Ich bin eine Frau! Ich bin eine Mutter! Ich bin eine Christin! Das war der Wahlkampfslogan von Giorgia Meloni. Das klingt so wunderbar einfach: „Sono una madre!“ Alle wissen, was die postfaschistische italienische Ministerpräsidentin damit meint, oder? Wer genau sie sein möchte: eine Mutter; die eine Mutter ihrer Familie. Wer aber möchte man sein, wenn man Stiefmutter in einer Patchworkfamilie ist, neben der Mutter? Wer ist eine Stiefmutter im 21. Jahrhundert?

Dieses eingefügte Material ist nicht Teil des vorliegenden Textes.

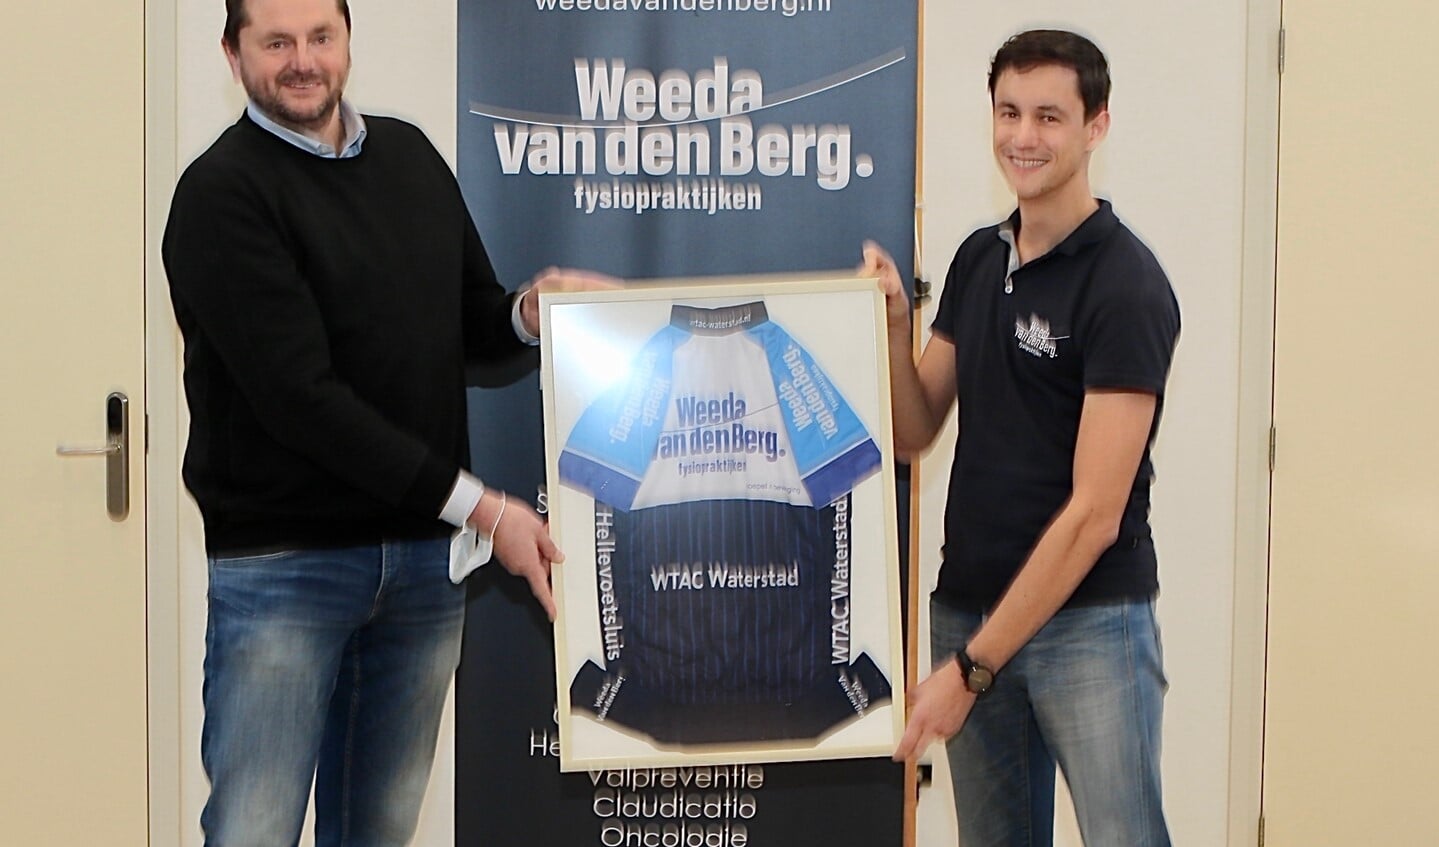 Erik den Adel, voorzitter van toerclub WTAC Waterstad, overhandigt het ingelijste shirt aan Frank Weeda, samen met Levi van den Berg ondernemers van Weeda Van den Berg Fysiopraktijken. Foto Theo van Kralingen.
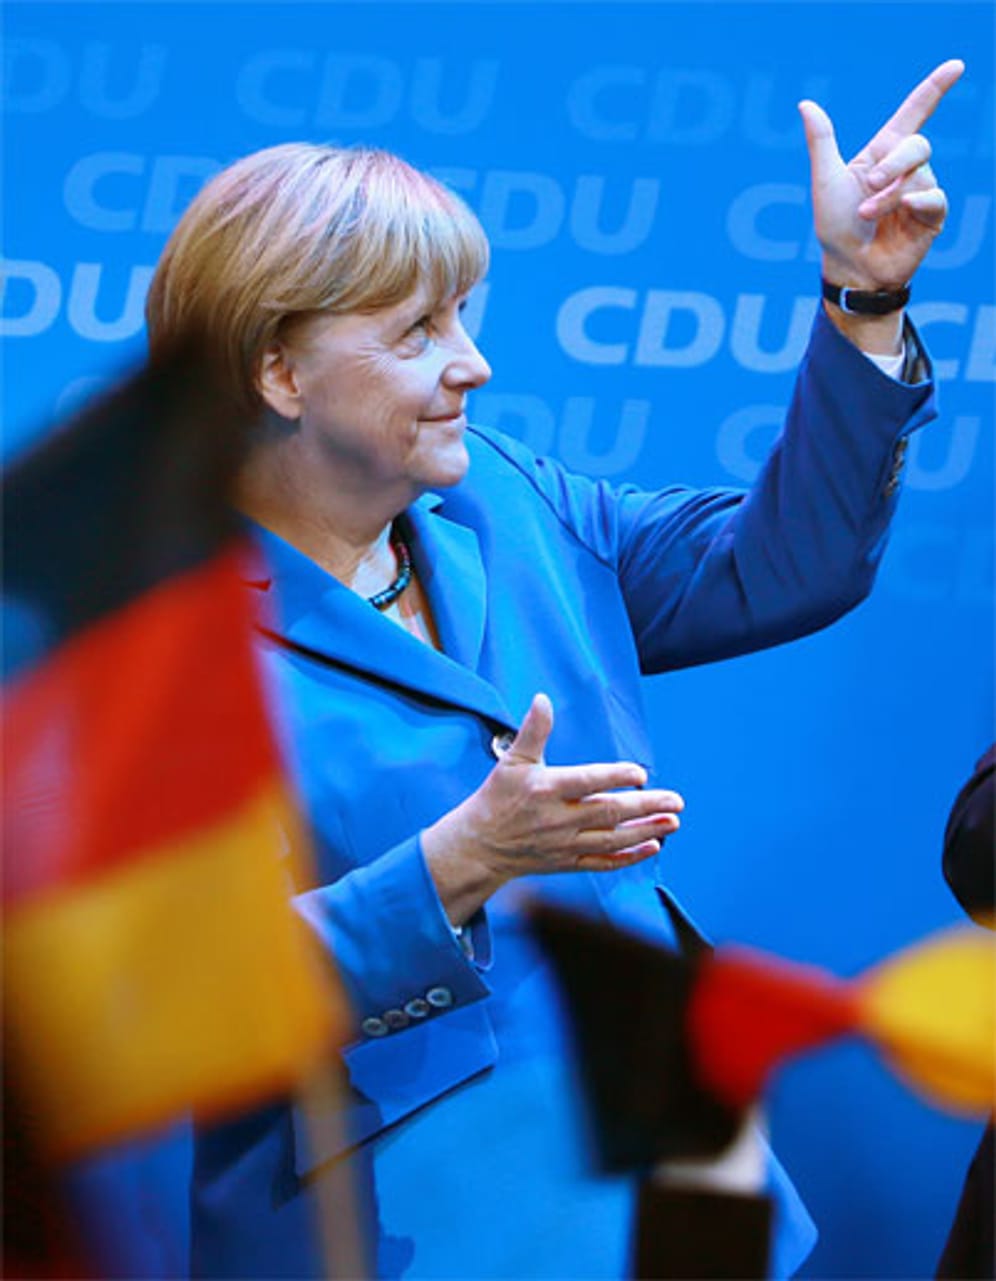 Bei der Bundestagswahl 2013 fährt Merkel mit der Union ein gutes Ergebnis ein - 41,5 Prozent. Die CDU-Vorsitzende bleibt Kanzlerin - fortan in einer Großen Koalition mit der SPD.

Helen hatte Geburtstag, und sie lud mich zu ihrem Fest ein, mich und Bela. Es war eine große Sache, weil mein Partner Bela zum ersten Mal seit 15 Jahren eingeladen war: In der Kindheit meiner Stieftochter Arianna hatte er mit Ariannas Mutter Helen dermaßen darüber gestritten, in welchem Land sie leben sollten, dass so etwas jahrelang absolut undenkbar gewesen war. Aber jetzt stritten sie nicht mehr, und Helen und ich mochten uns, seit wir uns zum ersten Mal sahen: Sie in einem umwerfenden gelben Kleid, kurz nach einem Foto-Shooting in ihrem Café, und ich in einem Jeans-Overall, sie begrüßte mich warmherzig und rief: „Ich ziehe mich um!“, dann kam sie im Jeans-Overall wieder raus.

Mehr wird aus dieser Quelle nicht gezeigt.